Mitt Romney's choice of Paul Ryan provides many facets of analysis. Does this reflect the final step of extreme right wing domination of the GOP? Would Romney's decisions as President be subject to veto by the most radical element of the conservative movement? Would this just the first of many instance where, as Grover Norquist put is, Romney would just be an "autopen" for extreme right wing policies?
These are obviously important questions, but they all stem from an underlying assumption -- that the choice of Paul Ryan as the GOP's VP candidate harms Romney's chances of winning in November. I share this view. the main reason is Florida, a must win state for Romney. I can imagine victorious electoral maps for Romney where he loses Wisconsin or Iowa or Pennsylvania. I don;t see a winning Romney map where he loses Florida.
And the Ryan choice puts Romney's chances of winning Florida in extreme jeopardy. I'll explain why I think so on the flip.
Before moving to the Florida question, let's first consider Romney's options. The most talked about names were Tim Pawlenty, Rob Portman and Ryan. Pawlenty would have been the non-event choice, having virtually no impact whatsoever on the race. A nonentity. But nonentities do no harm. A Presidential candidate confident that the trajectory of the race would lead to victory would most likely choose this type of candidate.
Did Romney conclude he required a "game changer," much as McCain did when he rolled the dice and chose Sarah Palin? I think we can assume he did. And that calculus seems not only reasonable, but strongly indicated.
So, let's assume an outside the box pick was in order for Romney. The question then would be who? Ryan certainly was an impactful choice, and this choice has driven the news cycle or the past 4 days and almost certainly will to the Republican convention.
The question then is whether this impact helps or hurts Romney's campaign? On the plus side, it has largely stopped the grumbling and complaints from the extreme right wing. Their enthusiasm has been recharged. there is an argument to be made that the Ryan choice helps Romney in Wisconsin to some small degree (enough to tip the state? Does not seem likely.) But what of the other dynamics of the race?
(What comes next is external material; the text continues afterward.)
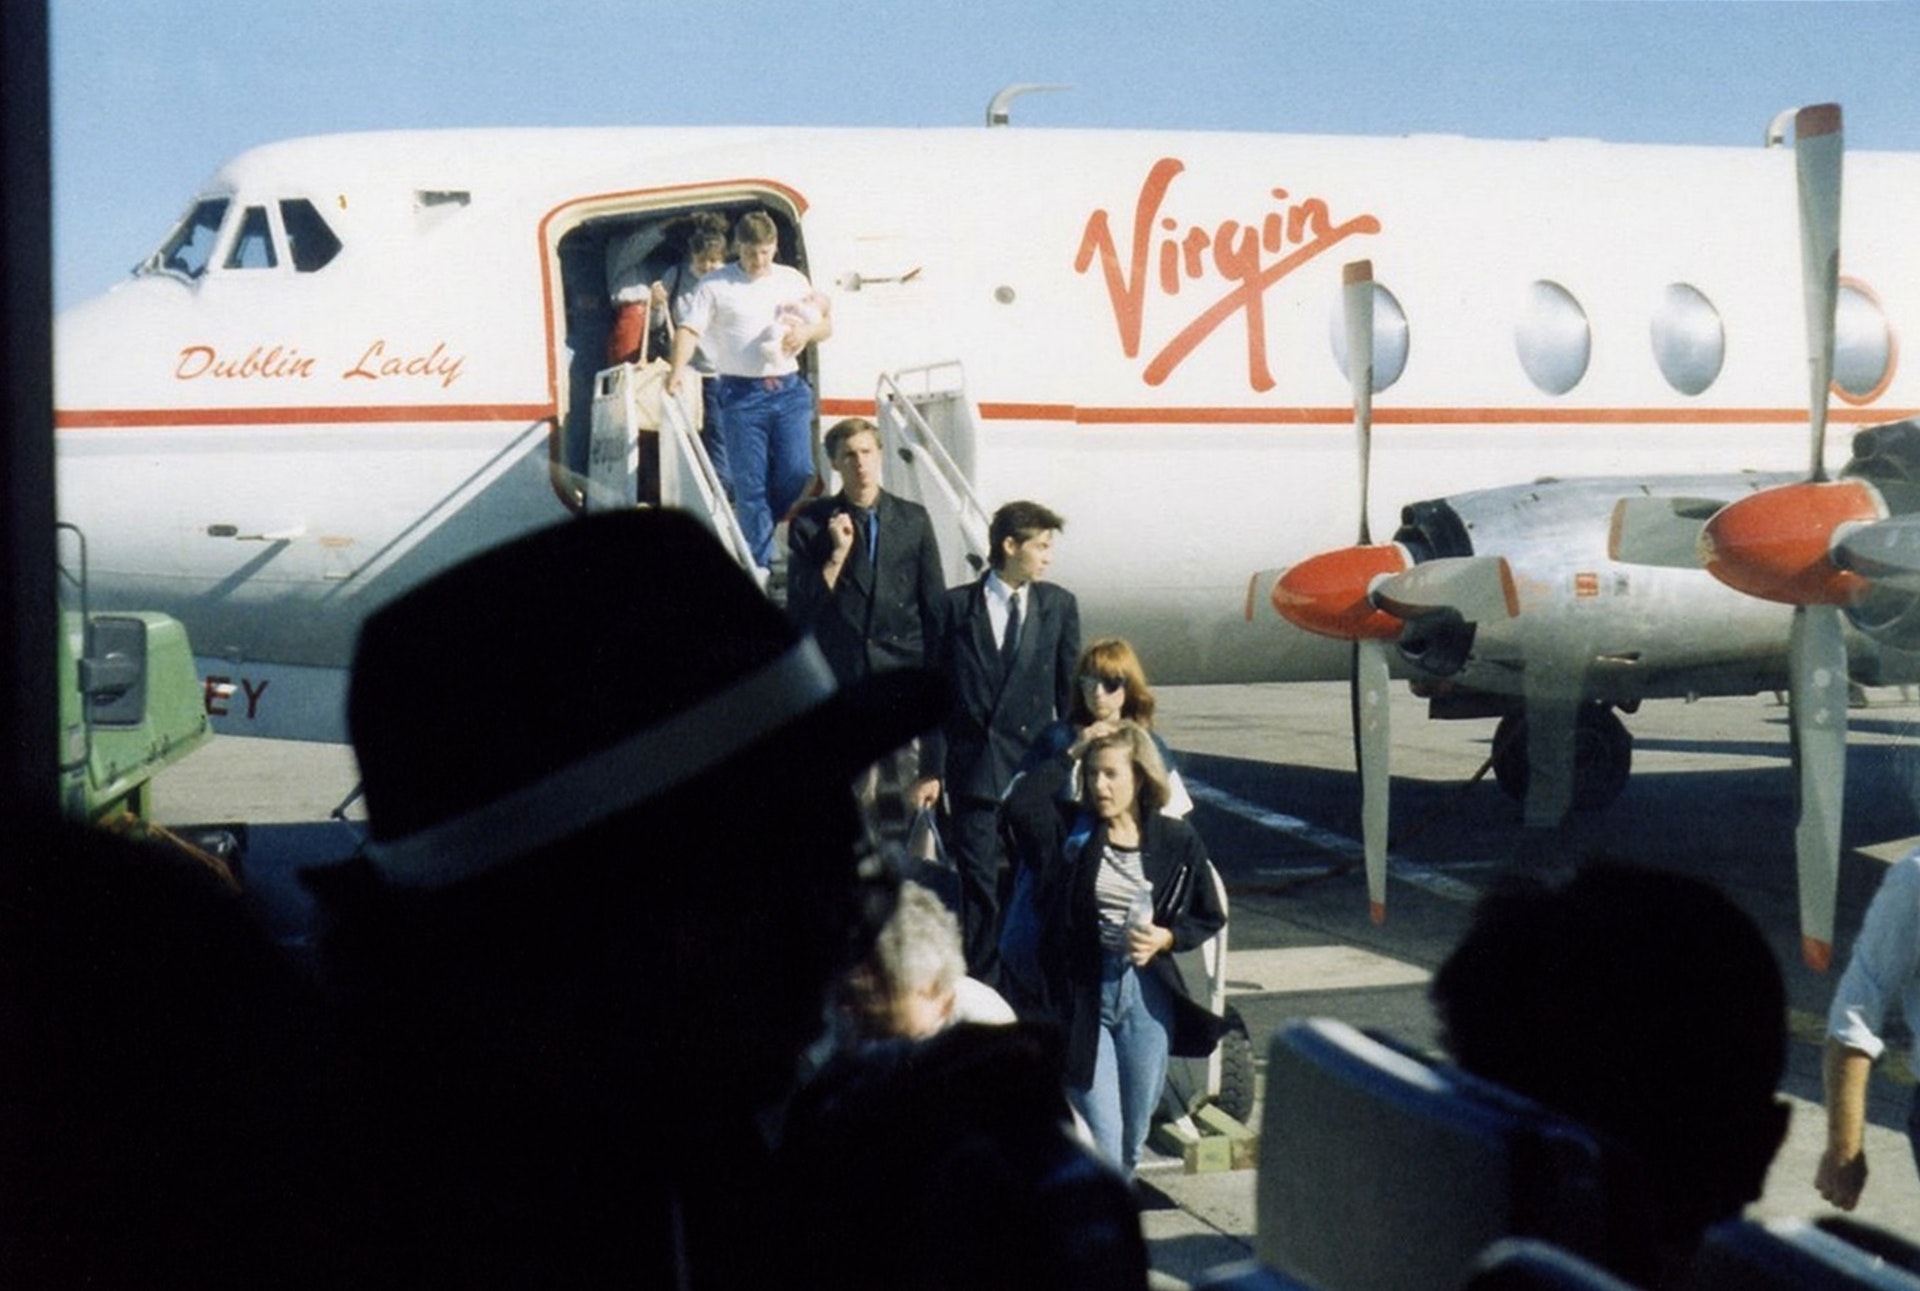 Travelers stepping off the 'Dublin Lady' Virgin plane, exemplifying the allure of emotional marketing in aviation and the joy of journeying with a brand that connects deeply with its passengers.

Paul Ryan's name is most associated with his budget plan, one of the most radical policy proposals we have ever seen from a major party in modern times. The 2010 version of the Ryan plan called for the elimination of the capital gains tax in its entirety. The result of such a policy would be that people like Mitt Romney would pay virtually no income taxes at all. This would certainly not help Romney's current struggle regarding his tax returns and the ongoing Democratic argument that Romney is the candidate for the rich who would enact policies that eviscerate government programs aimed at helping ordinary Americans in order to give even more to the rich. Let's mark this one down in the "not good for Romney" column.
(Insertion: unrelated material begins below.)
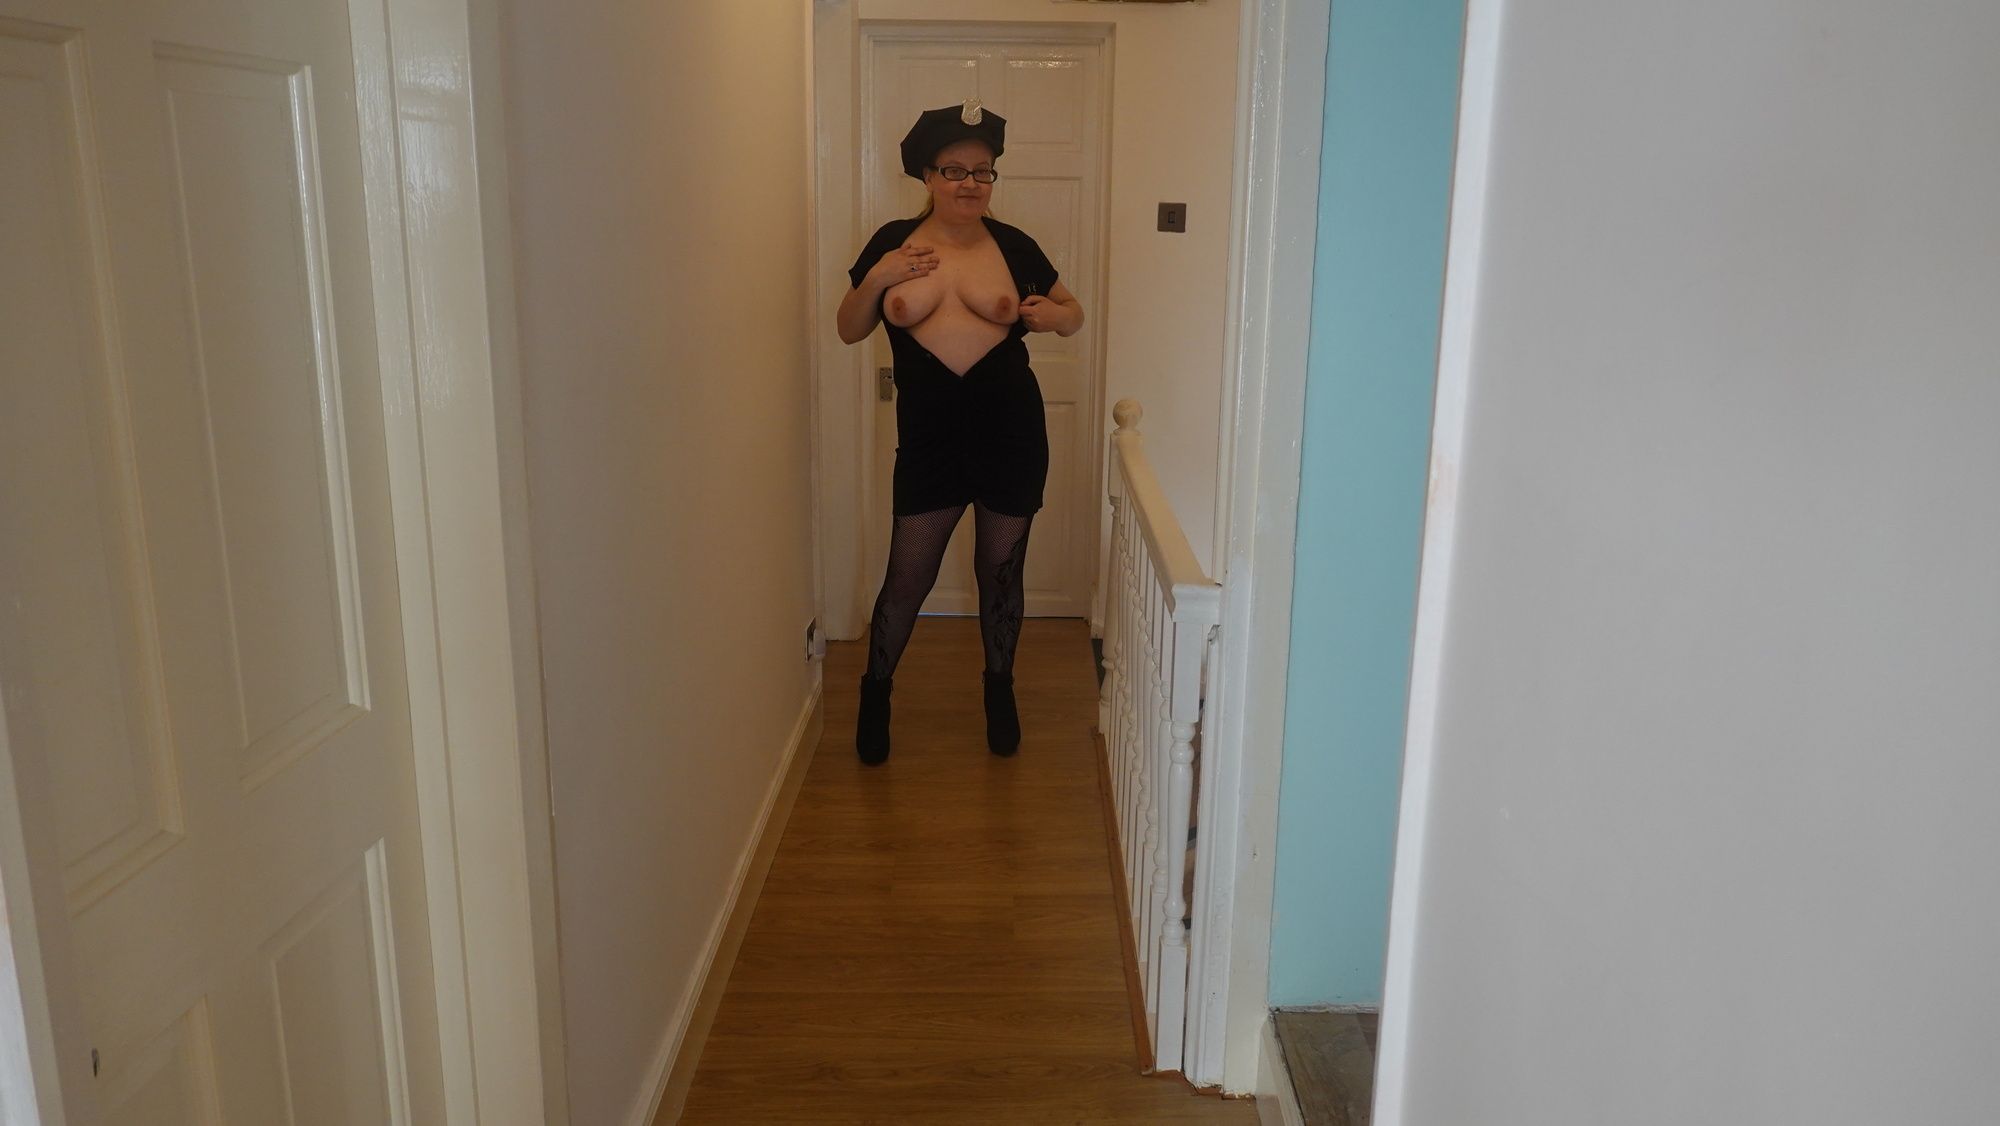 Police Woman costume and Pantyhose #4

Now about Florida. The Ryan choice is exceedingly bad for Romney's chances in Florida (because of his proposals to end Medicare as we know it and his championing of Bush's plans to privatize Social Security. Republicans, always vulnerable on Medicare and Social Security, are even more toxic on these issues when Ryan is involved), and thus threatens the entire Romney campaign. Romney simply can't win the election without Florida. I defy anyone to put together a plausible map for Romney winning the Presidency without Florida.
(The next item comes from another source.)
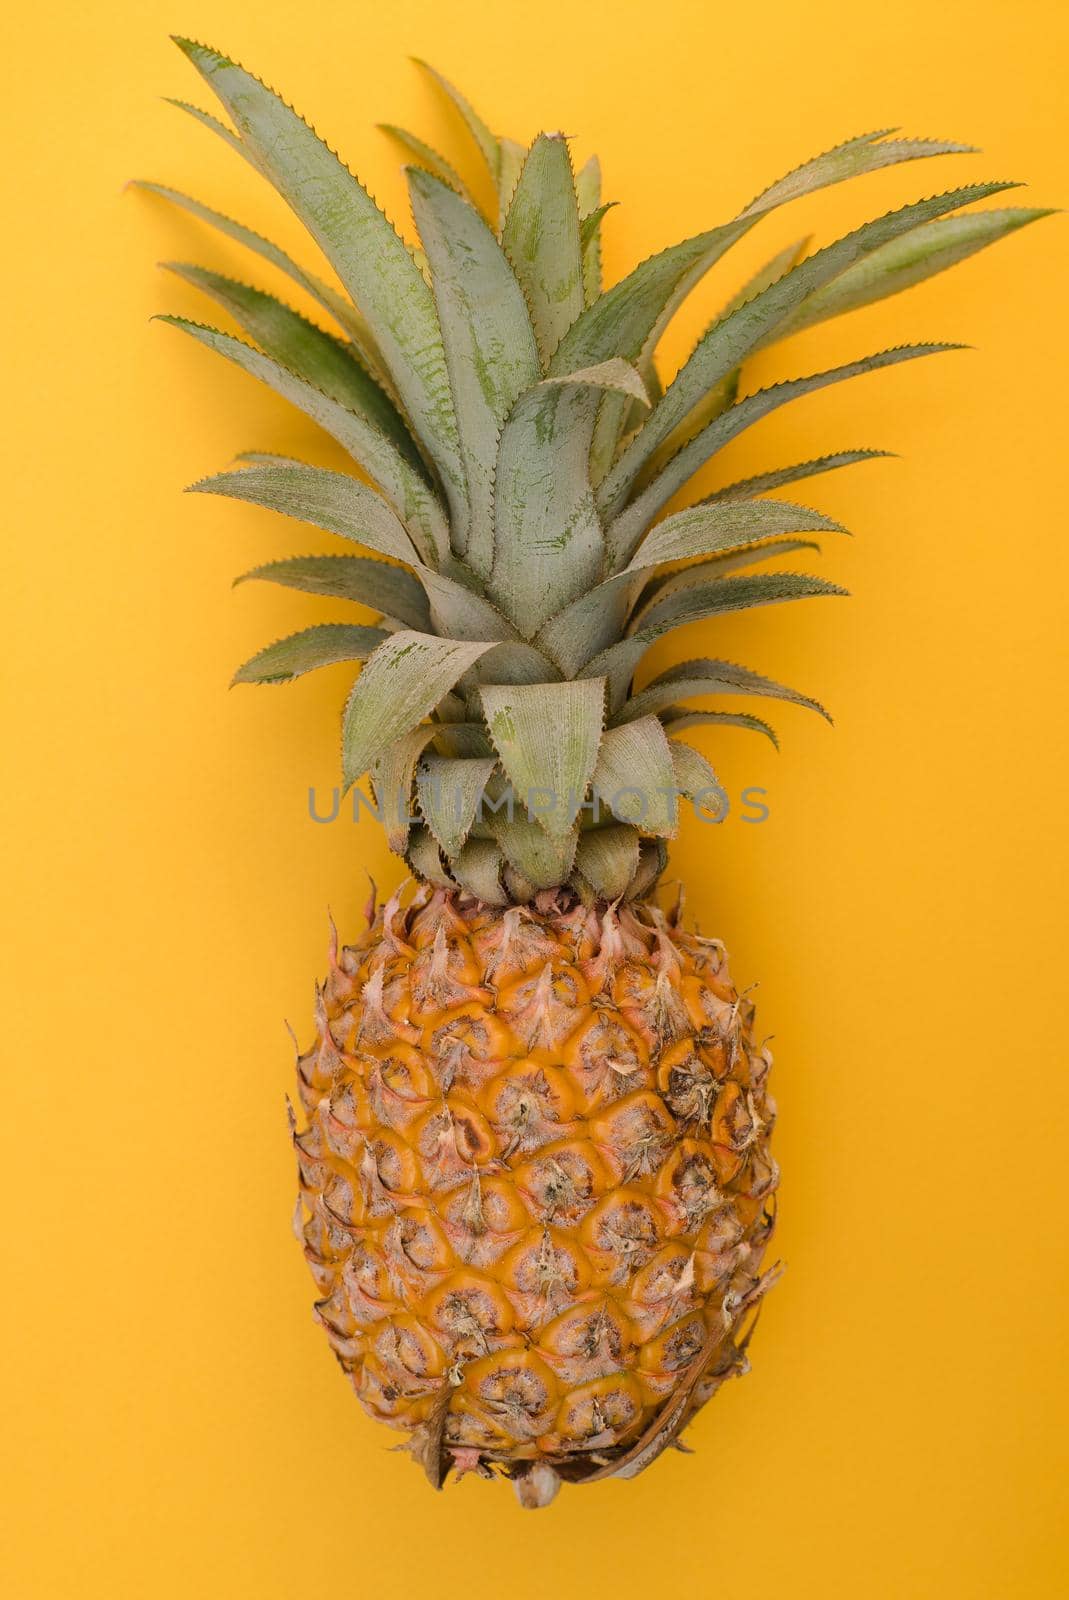 Yellow Thai pineapple and green Thai bananas on a yellow bright background

Thus, any decision Romney was to make on the VP choice should have adhered, first and foremost, to the following criteria: it could not hurt his chances in Florida. Romney made the one choice that did.
But Romney had to go long you might respond. What could he do? He needed to shake up the race. Well, maybe. But even if we assume this is true, there were other ways to "shake up the race" that did not hurt him in Florida. In fact, there was a choice that was "bold" and also had the virtue of likely helping Romney's chances in Florida -- Marco Rubio.
Was there a great deal of risk in choosing Rubio? Certainly, but there was no certainty that a Rubio choice would hurt Romney in Florida. There is with Paul Ryan, who is so toxic on Florida that he will not see the state except for the Republican convention.
Why not Rubio? I think Sarah Palin has a lot to do with that. To this day, the choice of Sarah Palin hangs over John McCain and the Republican Party. Is Rubio a more polished politician than Palin? Of course he is. But he is a first term Senator with no national political experience. Ryan has played in that league as chairman of the House Budget Committee. Ryan has also been adept at gulling the Beltway.
But Ryan's toxicity in Florida trumps all of these political attributes. He had a disqualifying trait - he damaged Romney's chances in Florida. He could not be selected by Romney.
And yet he was. I think Romney has done serious damage to his chances of winning the Presidency by choosing Paul Ryan as his running mate.